■ **WHAT IS BEING ASKED**:
What is needed is the run of lines from the one with "INLINE InLine® Lithium" through the close of the data, set down exactly.

/---

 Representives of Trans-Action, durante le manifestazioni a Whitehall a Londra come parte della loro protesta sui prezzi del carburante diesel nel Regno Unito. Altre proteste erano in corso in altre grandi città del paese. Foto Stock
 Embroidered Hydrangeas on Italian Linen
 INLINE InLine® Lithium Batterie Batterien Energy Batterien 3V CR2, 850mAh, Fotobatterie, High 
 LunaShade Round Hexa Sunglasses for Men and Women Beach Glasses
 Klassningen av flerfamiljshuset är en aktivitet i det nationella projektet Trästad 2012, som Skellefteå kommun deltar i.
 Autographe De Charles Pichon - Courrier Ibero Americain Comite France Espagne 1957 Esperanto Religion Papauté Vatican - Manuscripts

\---

■ **OUTPUT FOR THIS TASK**:
 INLINE InLine® Lithium Batterie Batterien Energy Batterien 3V CR2, 850mAh, Fotobatterie, High 
 LunaShade Round Hexa Sunglasses for Men and Women Beach Glasses
 Klassningen av flerfamiljshuset är en aktivitet i det nationella projektet Trästad 2012, som Skellefteå kommun deltar i.
 Autographe De Charles Pichon - Courrier Ibero Americain Comite France Espagne 1957 Esperanto Religion Papauté Vatican - Manuscripts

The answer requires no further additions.